Return the listing below exactly. Leave its pictures out.

Material provided →
--------

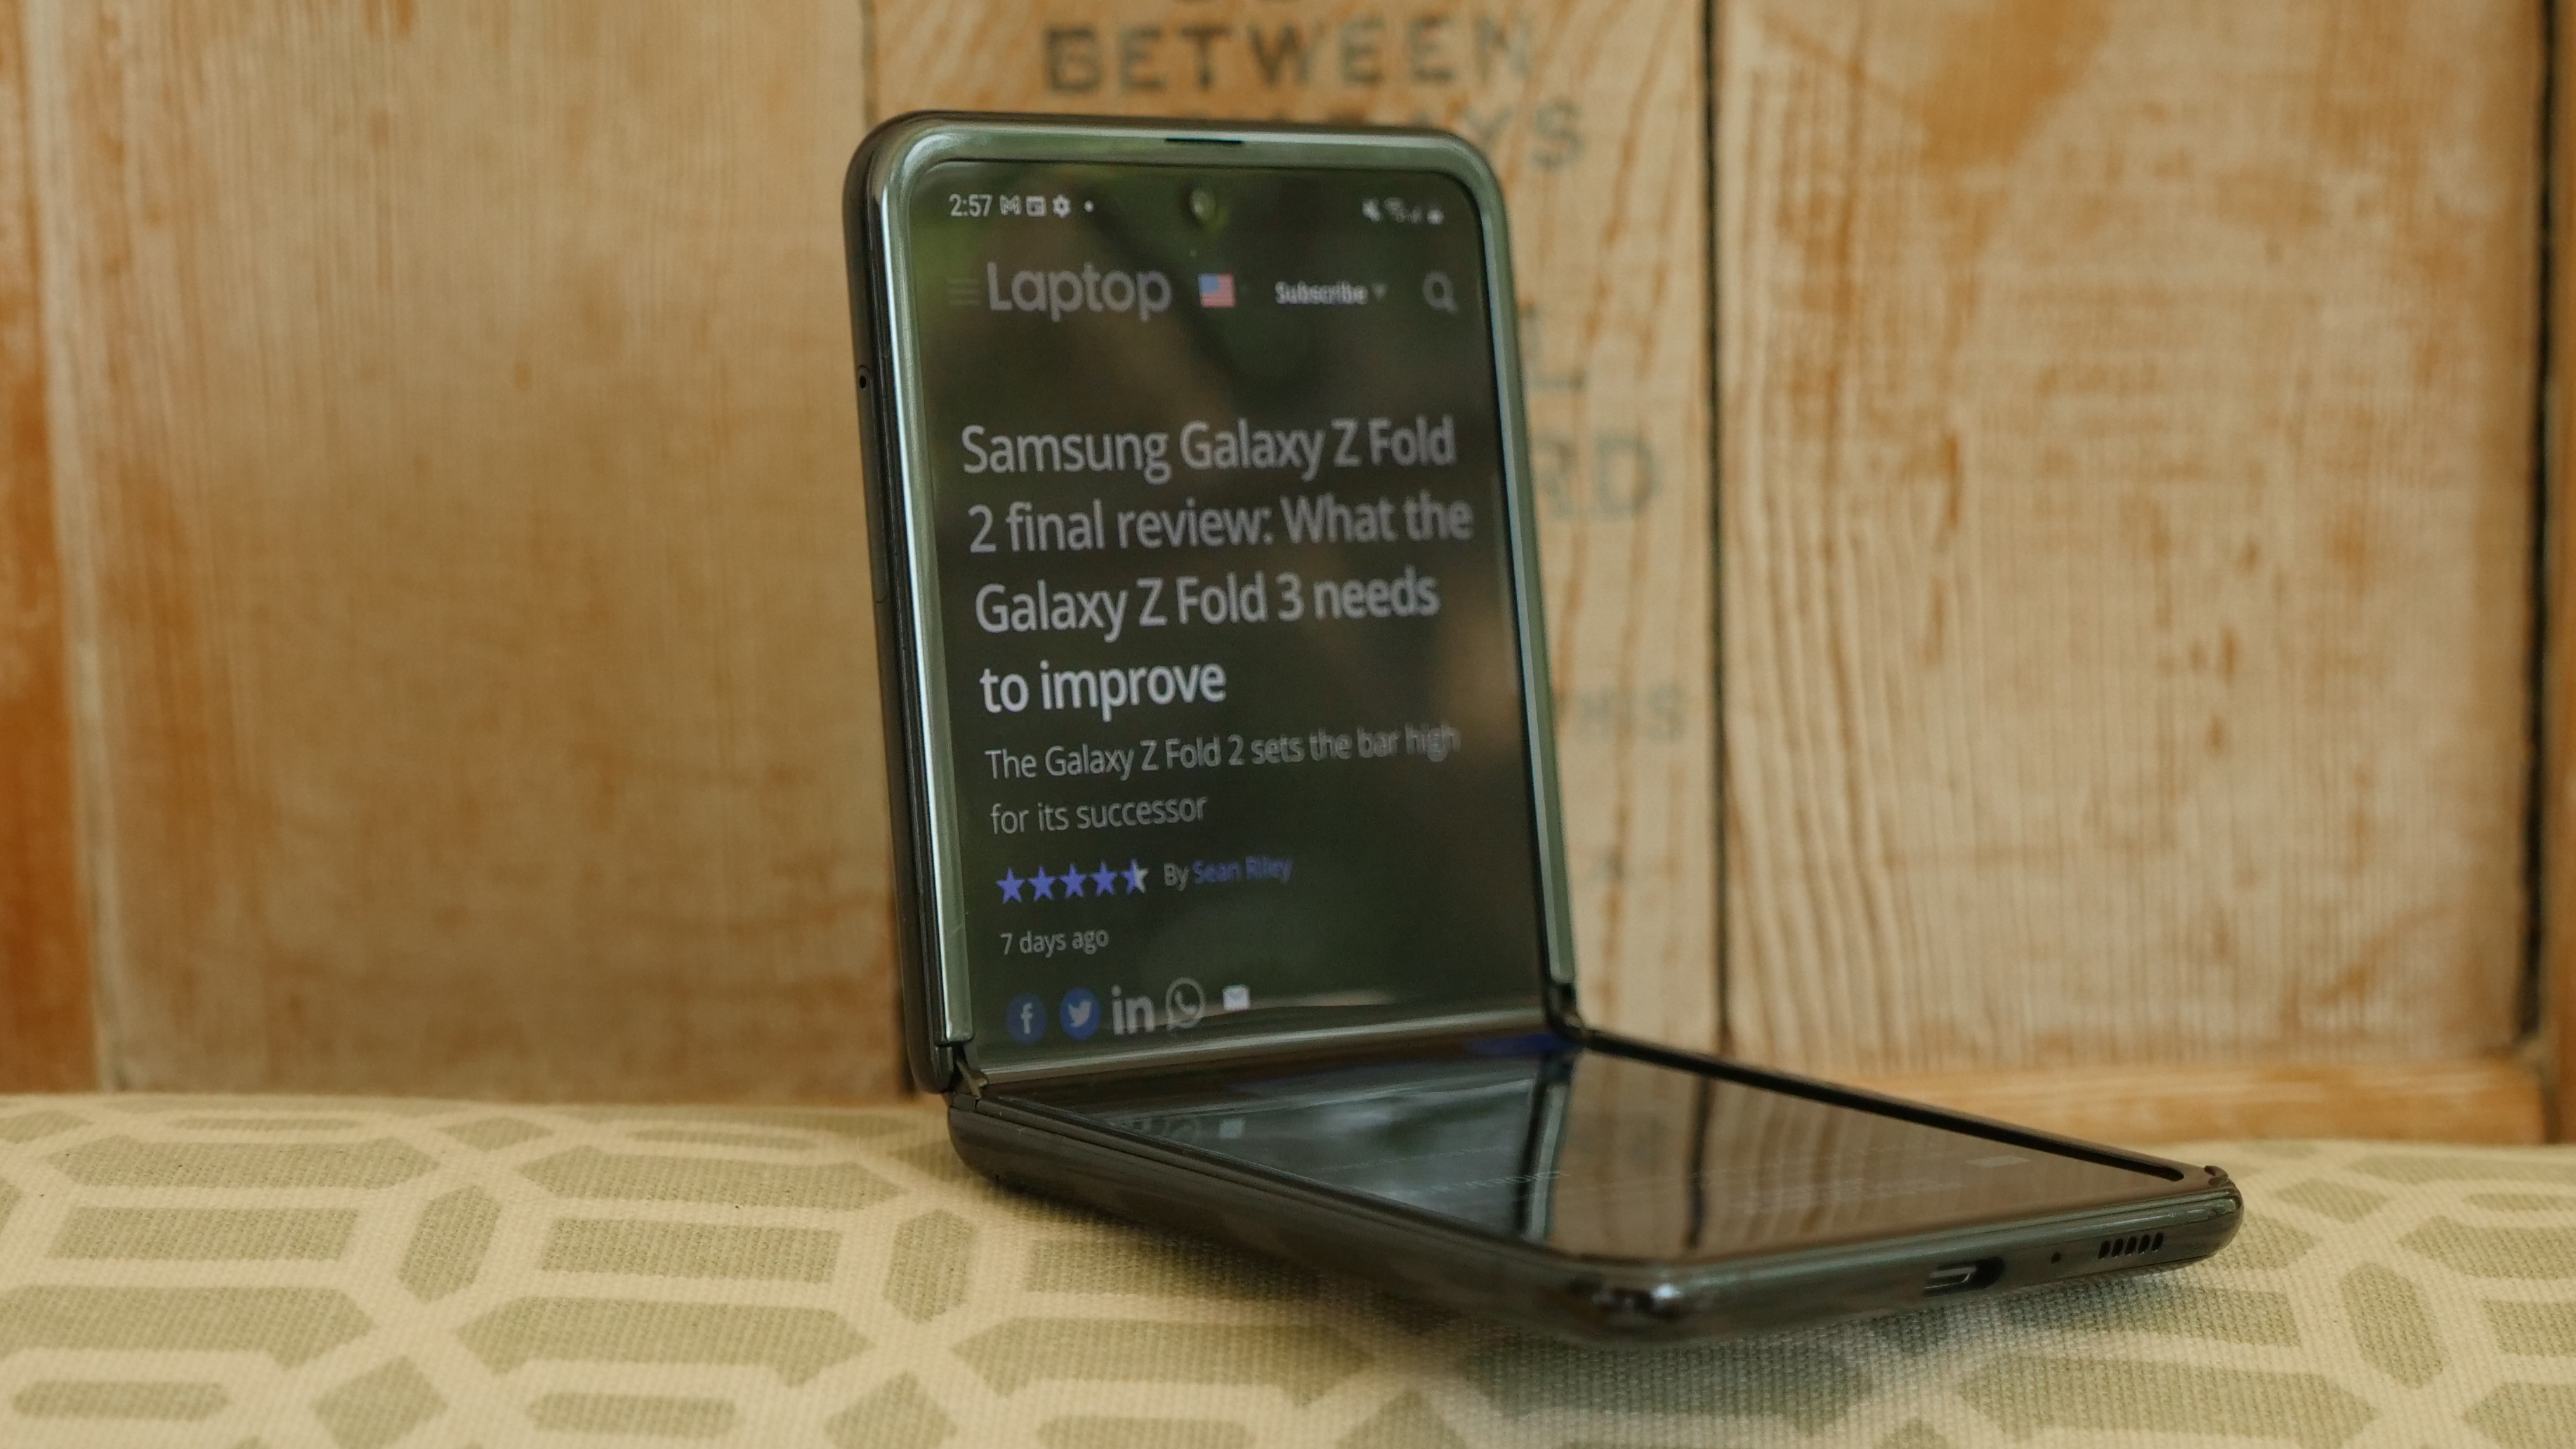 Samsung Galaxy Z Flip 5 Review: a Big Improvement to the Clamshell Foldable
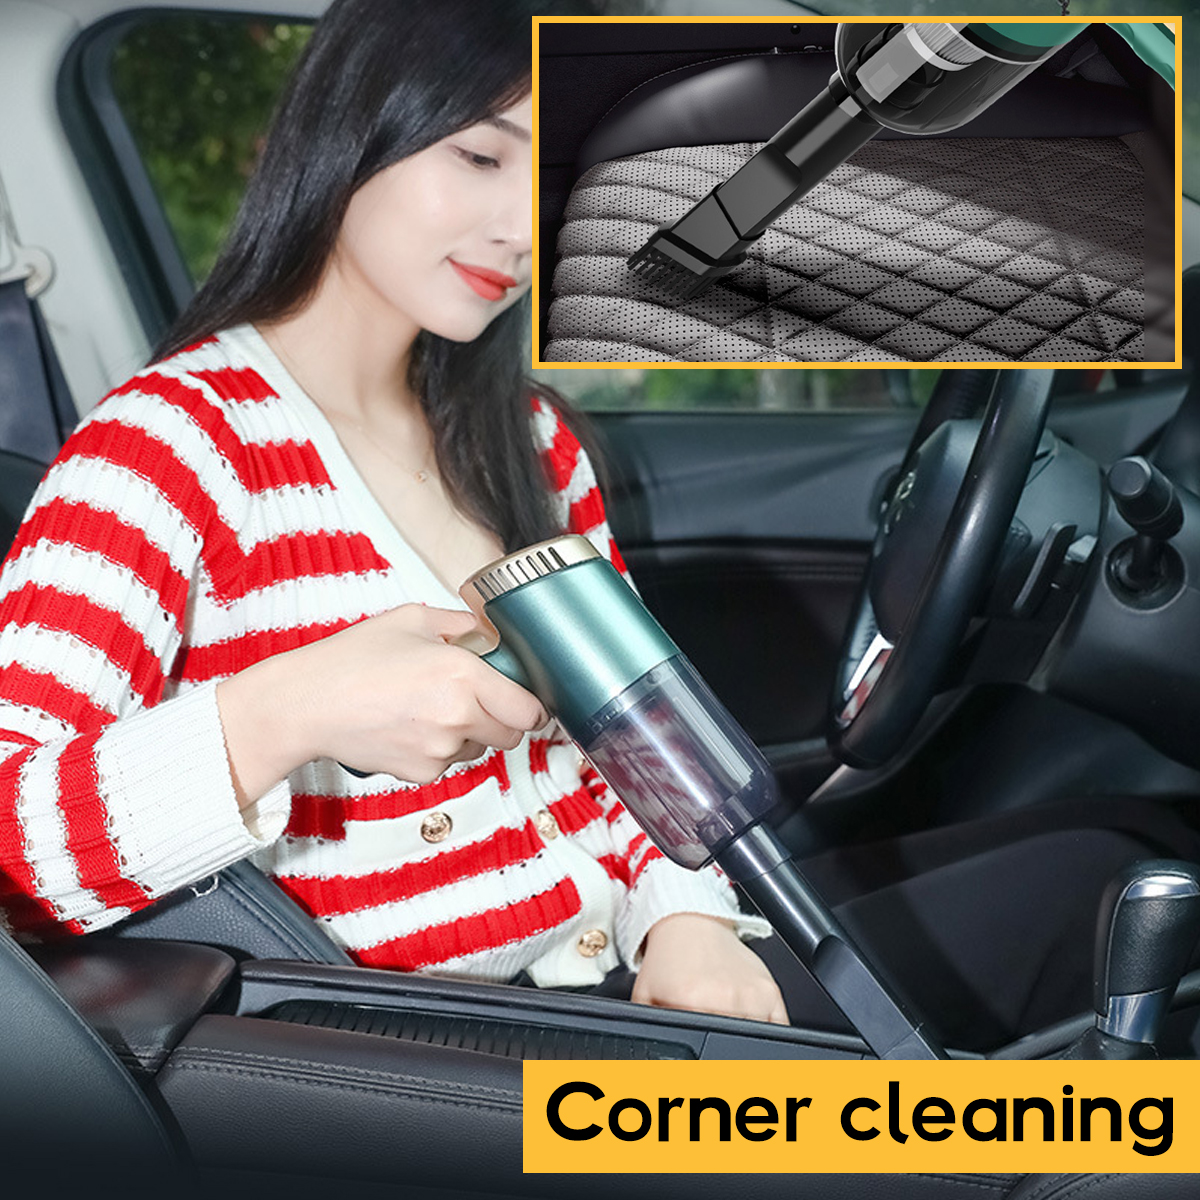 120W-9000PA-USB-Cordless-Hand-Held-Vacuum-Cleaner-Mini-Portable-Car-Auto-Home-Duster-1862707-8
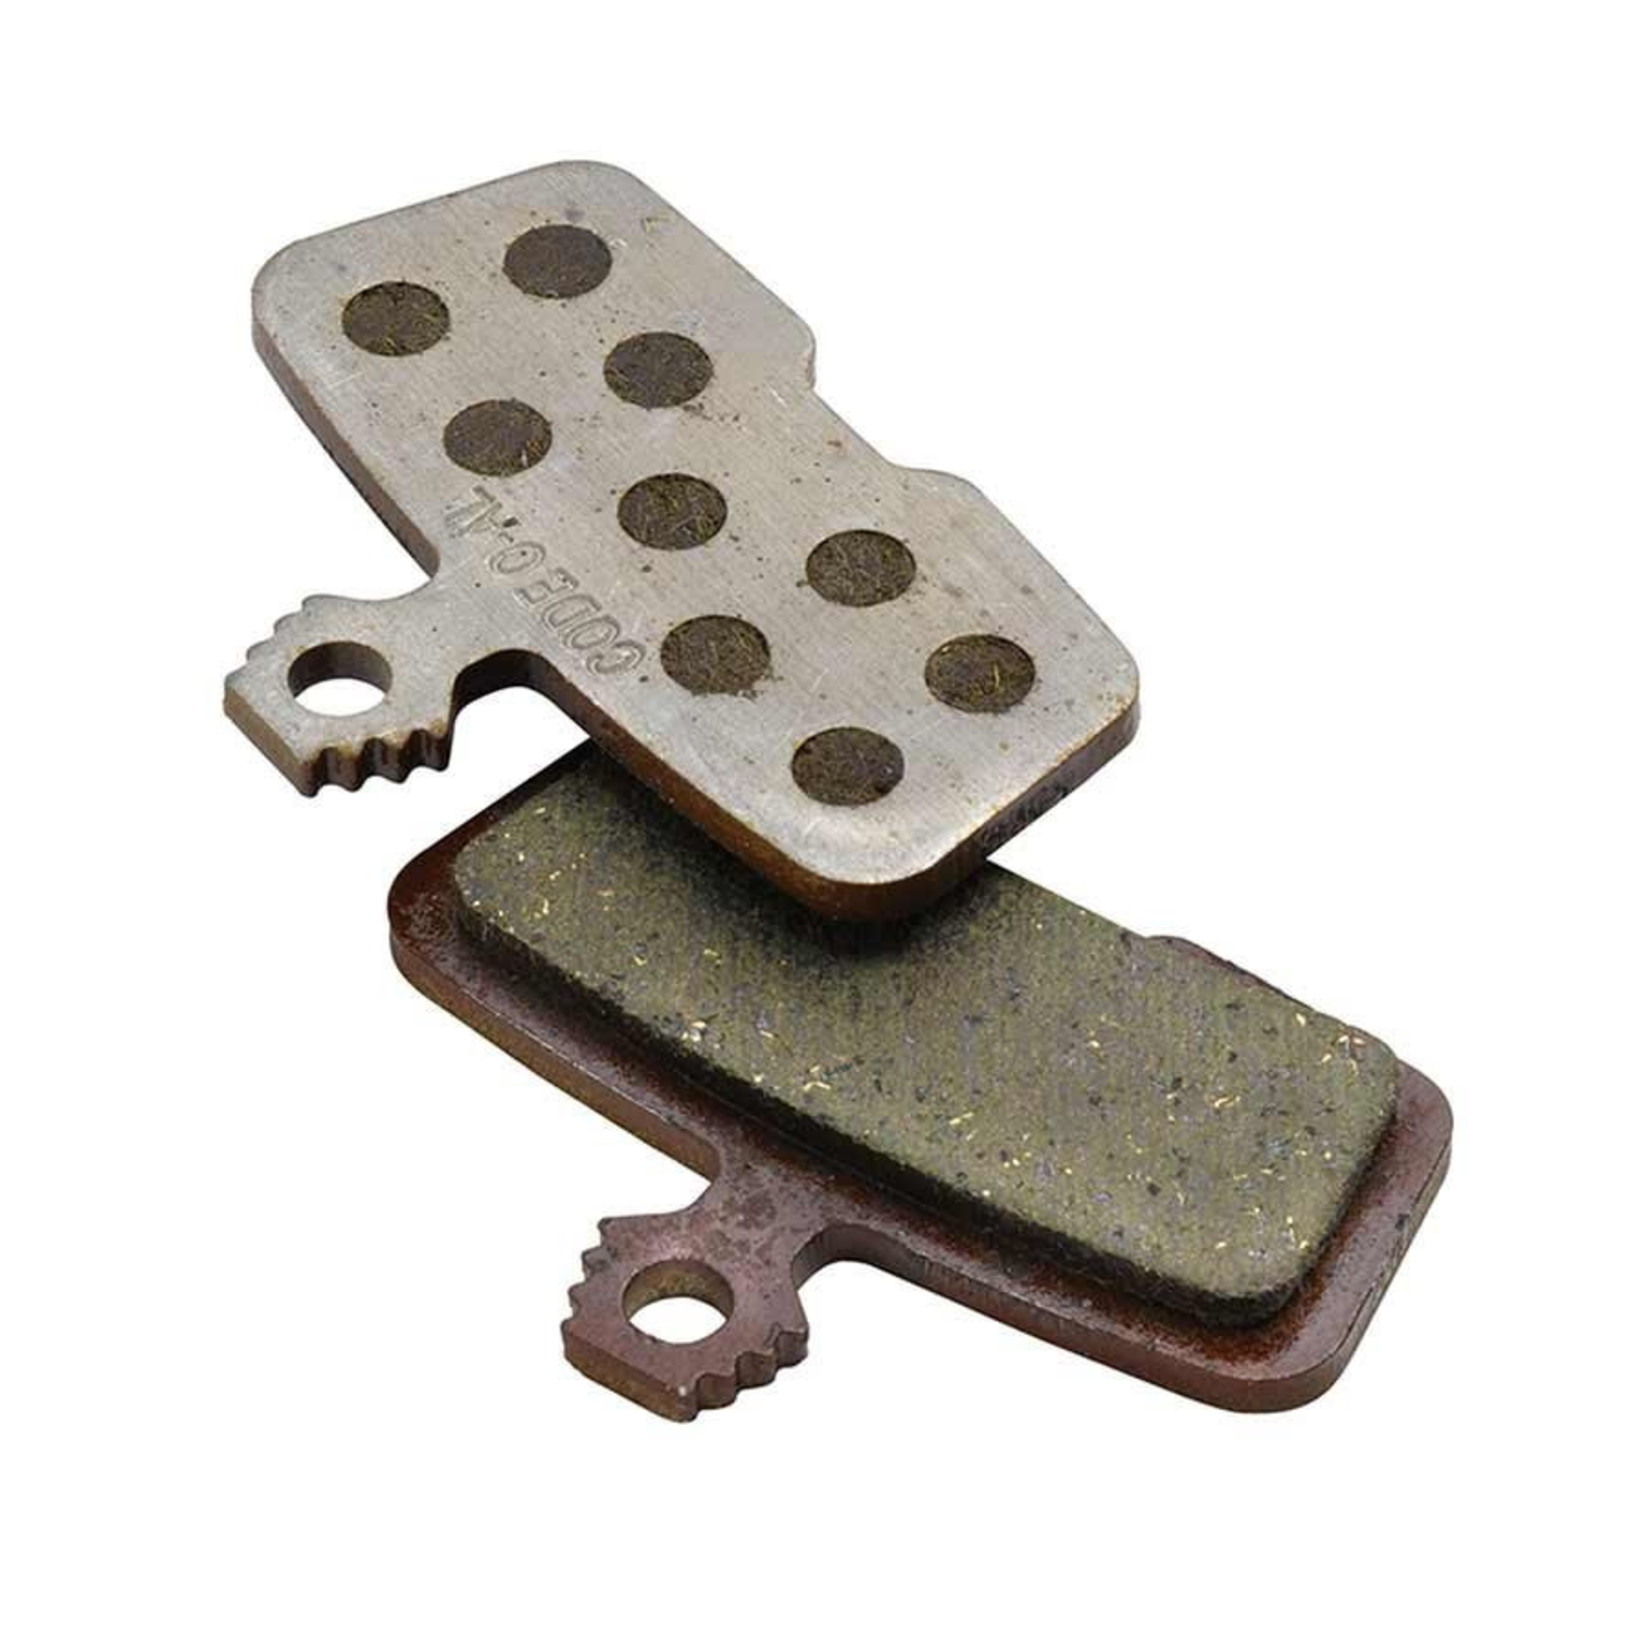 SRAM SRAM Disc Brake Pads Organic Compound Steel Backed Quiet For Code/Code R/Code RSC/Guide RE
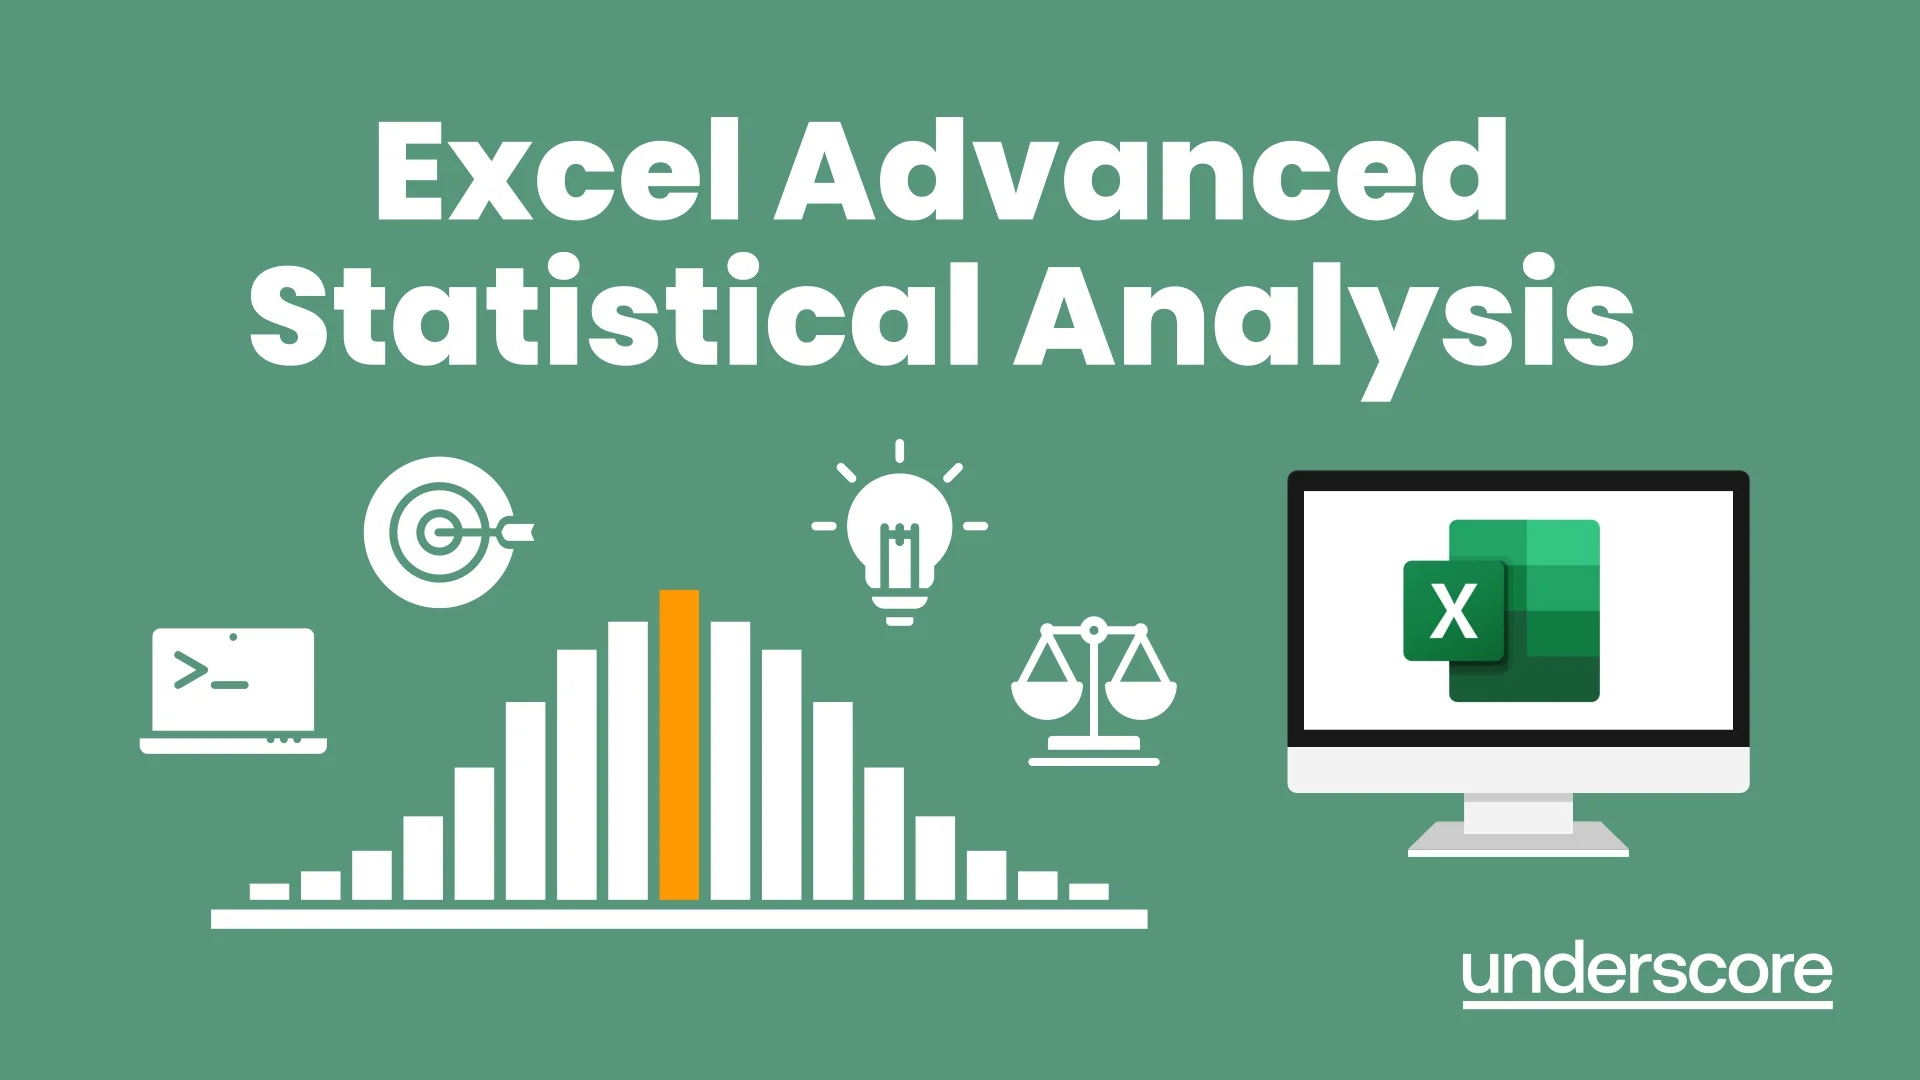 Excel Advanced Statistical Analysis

--------

Reply to the task →
 Samsung Galaxy Z Flip 5 Review: a Big Improvement to the Clamshell Foldable
 120W-9000PA-USB-Cordless-Hand-Held-Vacuum-Cleaner-Mini-Portable-Car-Auto-Home-Duster-1862707-8
 SRAM SRAM Disc Brake Pads Organic Compound Steel Backed Quiet For Code/Code R/Code RSC/Guide RE
 Excel Advanced Statistical Analysis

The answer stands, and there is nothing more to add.